We (including all processors) securely store and process your information in the UK or European Economic Area. We will make sure your information is given the level of protection required by law and NHS policies.

You have the right to access your data. As an active Authentication Token holder, you can view your data in My Profile within CIS2 and CIS. If you can no longer access CIS2 and CIS for any reason, please contact your local RA. Once you are no longer working in healthcare, you can make a subject access request to NHS England (see contact details below).

You have the right to rectify inaccuracies in your data. You should update your own contact details within My Profile in CIS2 and CIS. In case of difficulties, if your personal details have changed or you need to make other amendments, please contact your local RA.

You have the right to complain (see the contact details below).

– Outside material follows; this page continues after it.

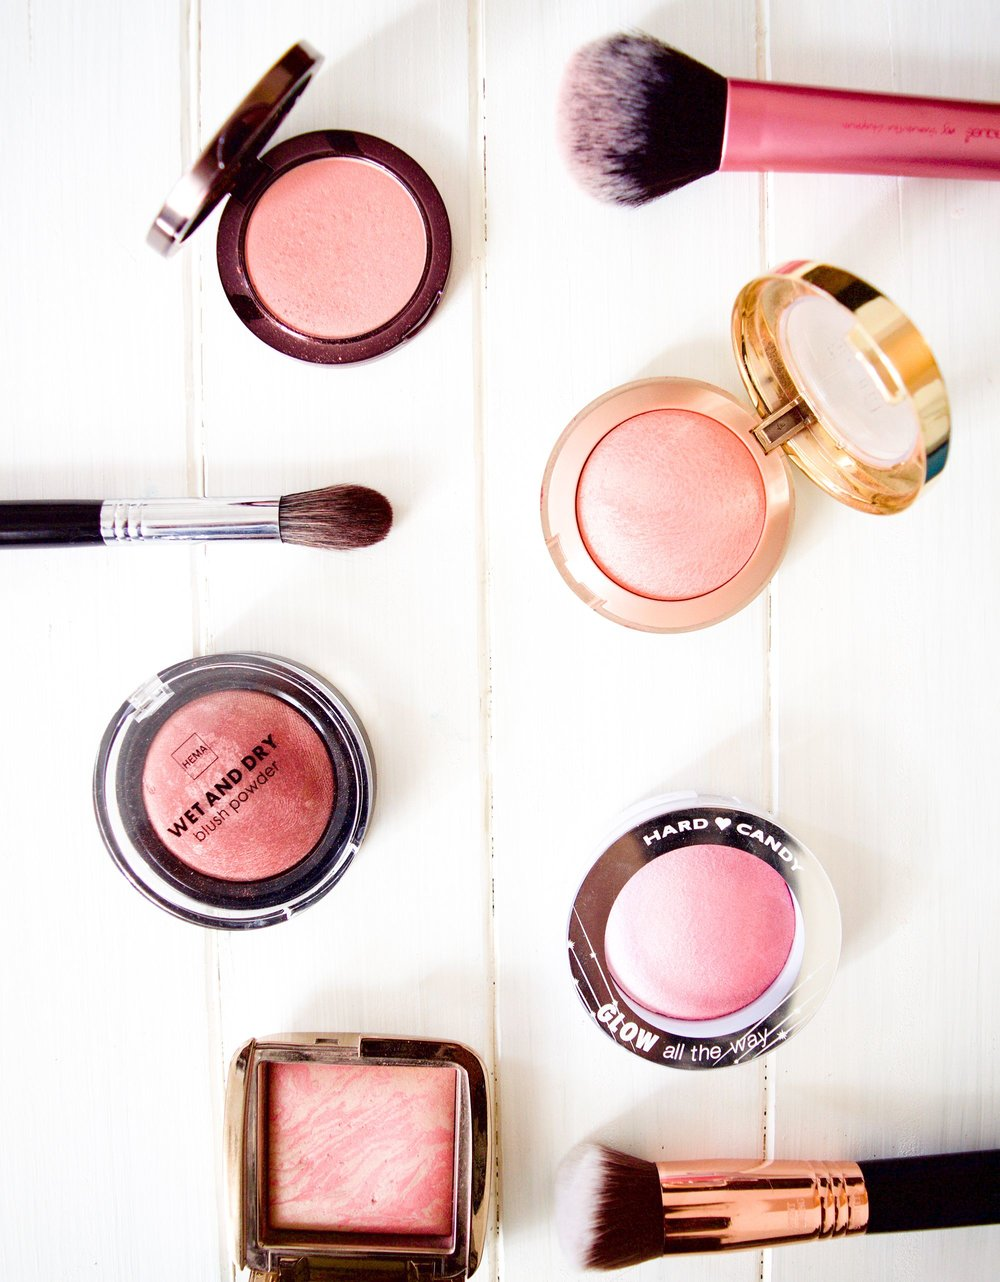 shimmer blush | glowing blush | peach blush | blush

You do not have the right to erase your data, object to it being recorded, transport it elsewhere, withdraw consent to its capture or use, or restrict its processing. This is because the capture and processing of this data is necessary for a statutory requirement and the provision of the service. NHS England is also legally bound to record this data. Once you leave health and social care, your local RA will close your user profile and remove your access, although will retain personal data as detailed in section 7 above. This may be reopened if you return to working within health and social care. 

For all operational enquiries, including Authentication Token and access assignment, always contact your local RA contact your local RA.

To ask any question or make a complaint about how your data is used, you can contact NHS England on 0300 303 5678 (9am to 5pm Monday to Friday excluding bank holidays) or email [email protected]

You can also write to:

Data Protection Officer
NHS England
The Leeds Government Hub
7 & 8 Wellington Place
Leeds
LS1 4AP

If you have concerns or complaints about our information rights practices, you can report them to the Information Commissioner’s Office on 0303 123 1133 (9am to 5pm Monday to Friday excluding bank holidays) or use live chat at ICO concerns.

You can also write to:

Information Commissioner’s Office
Wycliffe House
Water Lane
Wilmslow
Cheshire
SK9 5AF

Our privacy notice may change from time to time. The latest version of our privacy notice will be published here and is accessible through your CIS2 / CIS account. If we make any material changes to our privacy notice we will inform you through your CIS2 / CIS account and we will also send an email notification to all RA managers.